Where is the electric field zero between two opposite charges?

Answer 1

Hint: A physics field that surrounds electrically charged particles and exerts a force on all other charged particles in the field, either attracting or repelling them, is referred to as an electric field. It can also refer to a system of charged particles' physics field.

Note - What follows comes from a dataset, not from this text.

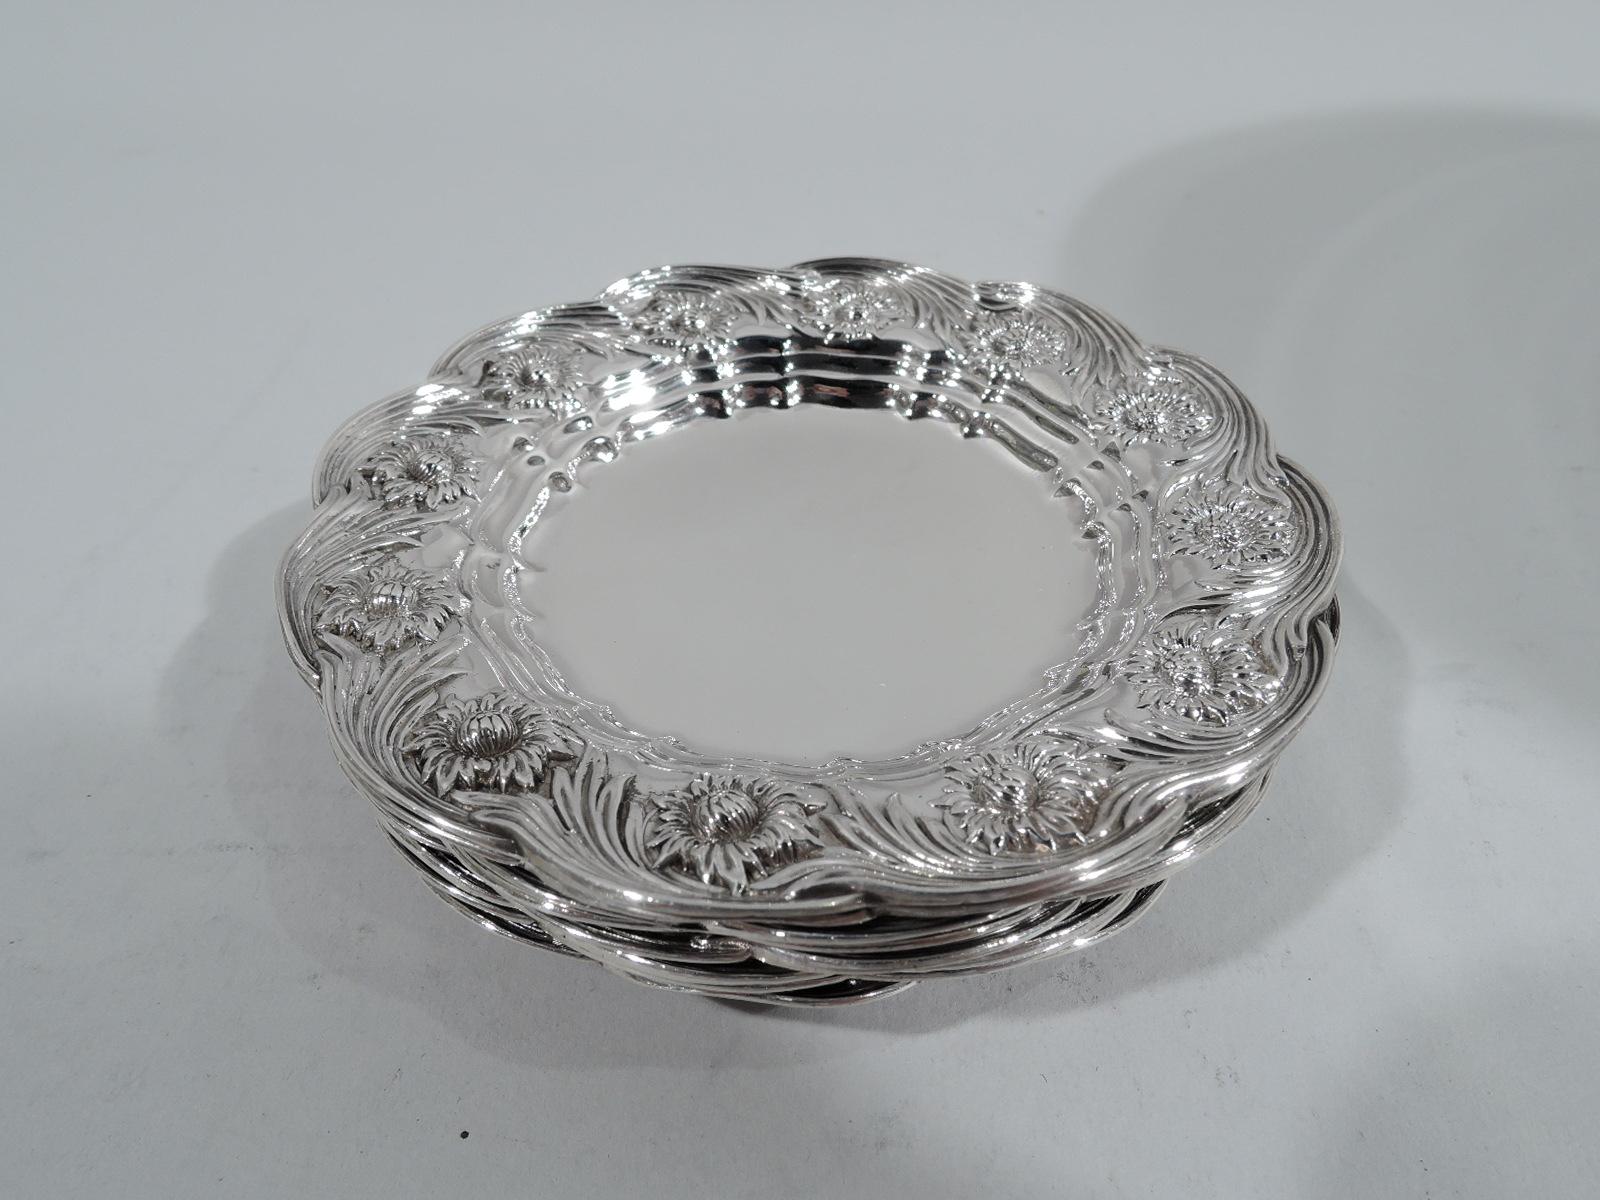 Set of 8 Chrysanthemum sterling silver butter pats. Made by Tiffany & Co. in New York. Plain and round well of which 6 gilt-washed and 2 plain. Shoulder has flower heads surrounded by rolling rinceaux-style tendrils. Rim scalloped. Fully marked

Complete step-by-step solution:
At a given distance from a point charge, the electric field is a vector that points away from a positive charge and toward a negative charge. Its magnitude is proportional to the charge and inversely proportional to the distance, according to the inverse square law.
The only place where the field vectors may point in absolutely opposite directions is the line running between the two-point charges. Hence the zero-field position must be there.
The field vectors from both charges point toward the negative charge, thus it can't be between the two opposite charges. It must be on one side of both of them, with the vectors pointing in opposing directions.
For the field from the smaller charge to be equal in magnitude to the field from the larger charge, it must be on the side closer to the smaller charge.
Let's get to algebra now that we've covered geometry. By the square root of its charge to the larger charge, the distance from the smaller charge must be less than the distance from the larger charge. If you know the charge ratio, you can figure out the distance ratio. After you've set up your coordinate system, you'll need to solve a linear problem rather than a quadratic equation.

Additional Information:
Recognize that the \[0\] potential reference point is infinitely far away from both charges. As a result, when you go to a place equidistant from both charges, you do positive work against one charge's field while doing negative work against the other (since they have an opposite charge). As a result, the total amount of work completed is zero.

 Note:
Example:
Two opposite point charges, each of magnitude \[q\] are separated by a distance\[2d\]. What is the electric potential at a point \[P\] mid-way between them?

 Result:
${V^ + } = \dfrac{1}{{4\pi {\varepsilon _0}}}\dfrac{q}{d}$ and ${V^ - } = - \dfrac{1}{{4\pi {\varepsilon _0}d}}\dfrac{q}{d}$
$ \Rightarrow V = {V^ + } + {V^ - } = \dfrac{1}{{4\pi {\varepsilon _0}}}\dfrac{q}{d} - \dfrac{1}{{4\pi {\varepsilon _0}}}\dfrac{q}{d} = 0$
So, the potential at P due to opposite charges is \[0\].